Exercise directions – Set out word for word the line that contains "Carhartt Grey Marle T Shirt - M" and each line after it, through the end of the data below, but exclude the pictures.

[[ Dataset section open ]]

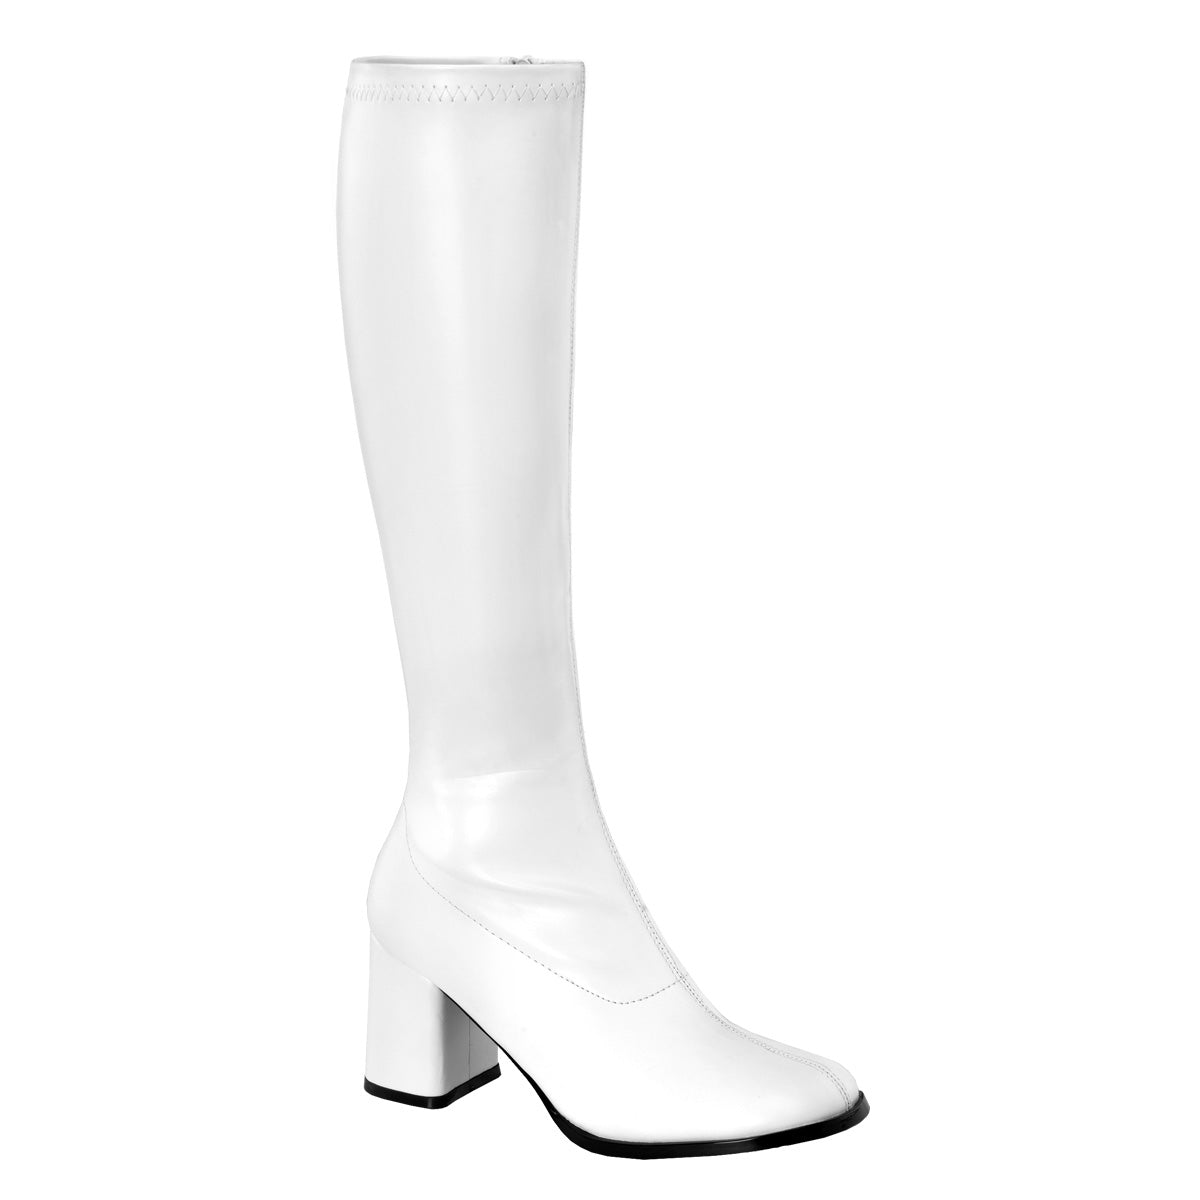 GOGO-300 FUNTASMA 3 inch hak witte octrooi vrouwen laarzen
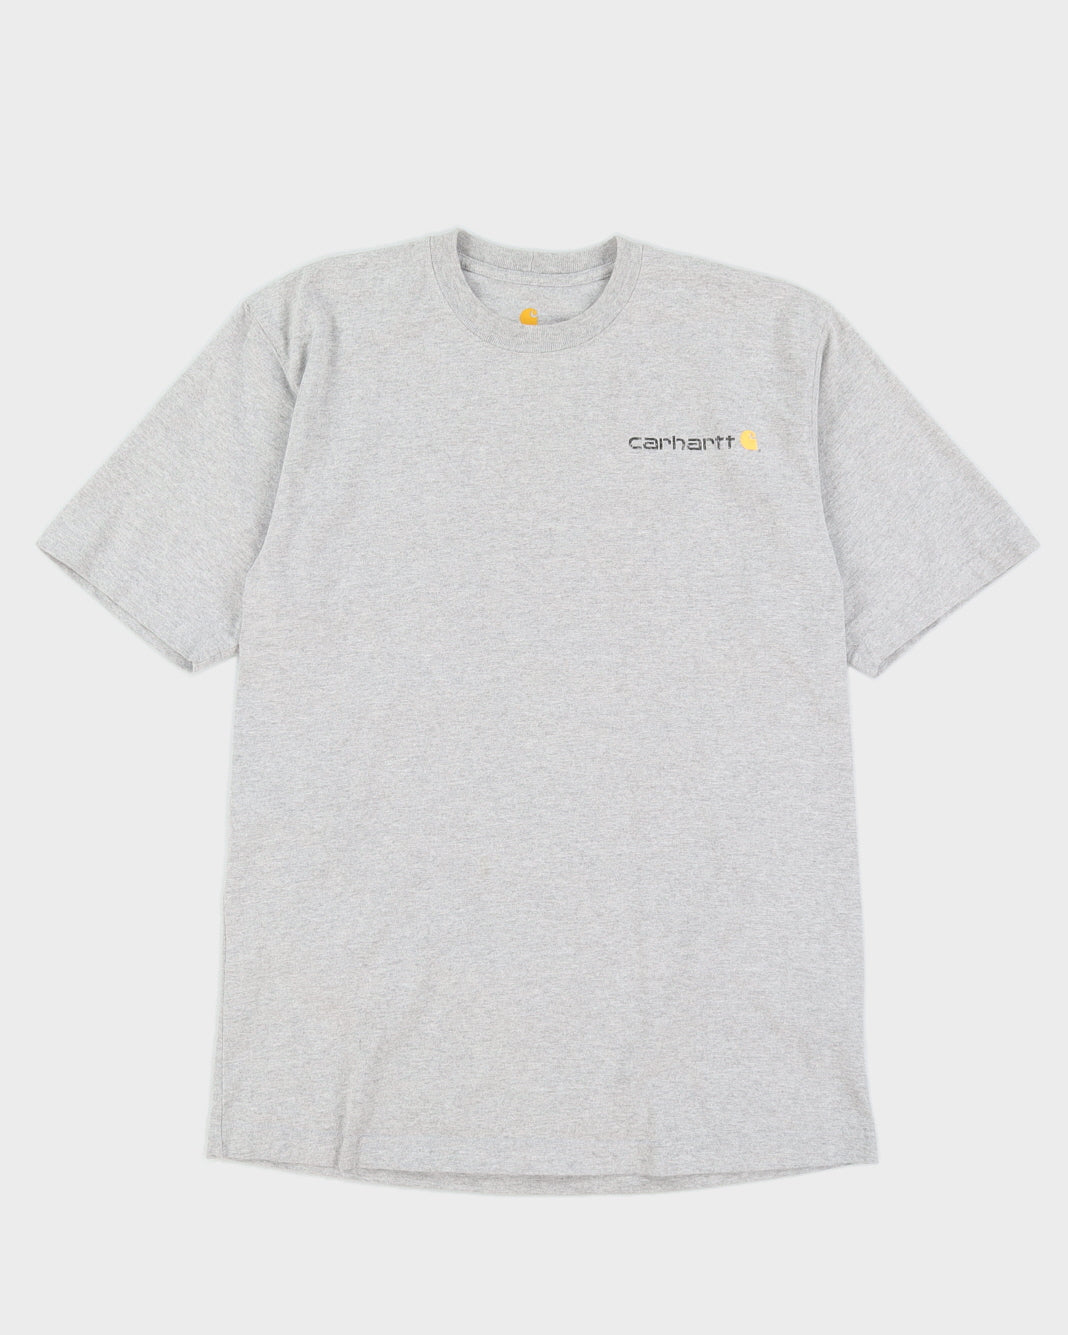 Carhartt Grey Marle T Shirt - M
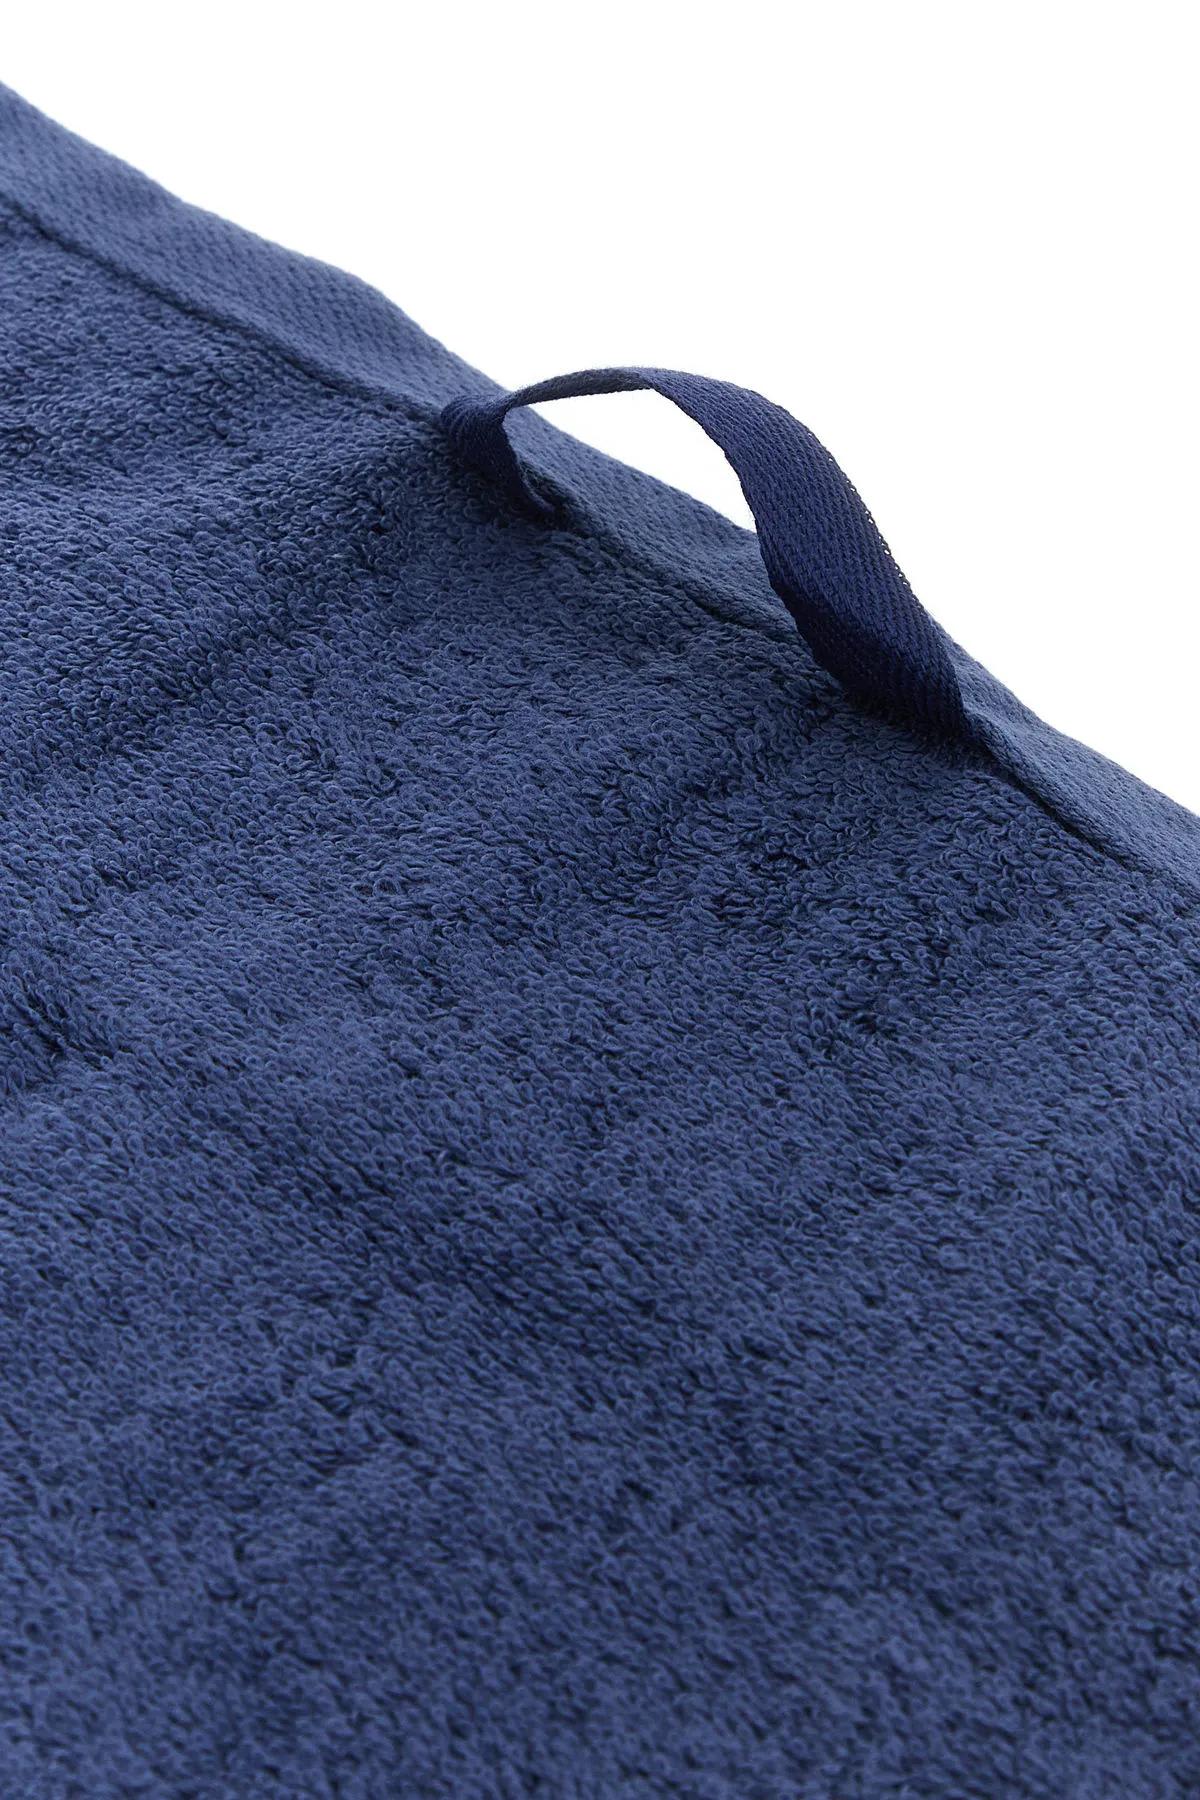 Shop Tekla Air Force Blue Terry Towel

[[ Dataset section closed ]]

Written answer –
 Carhartt Grey Marle T Shirt - M
 Shop Tekla Air Force Blue Terry Towel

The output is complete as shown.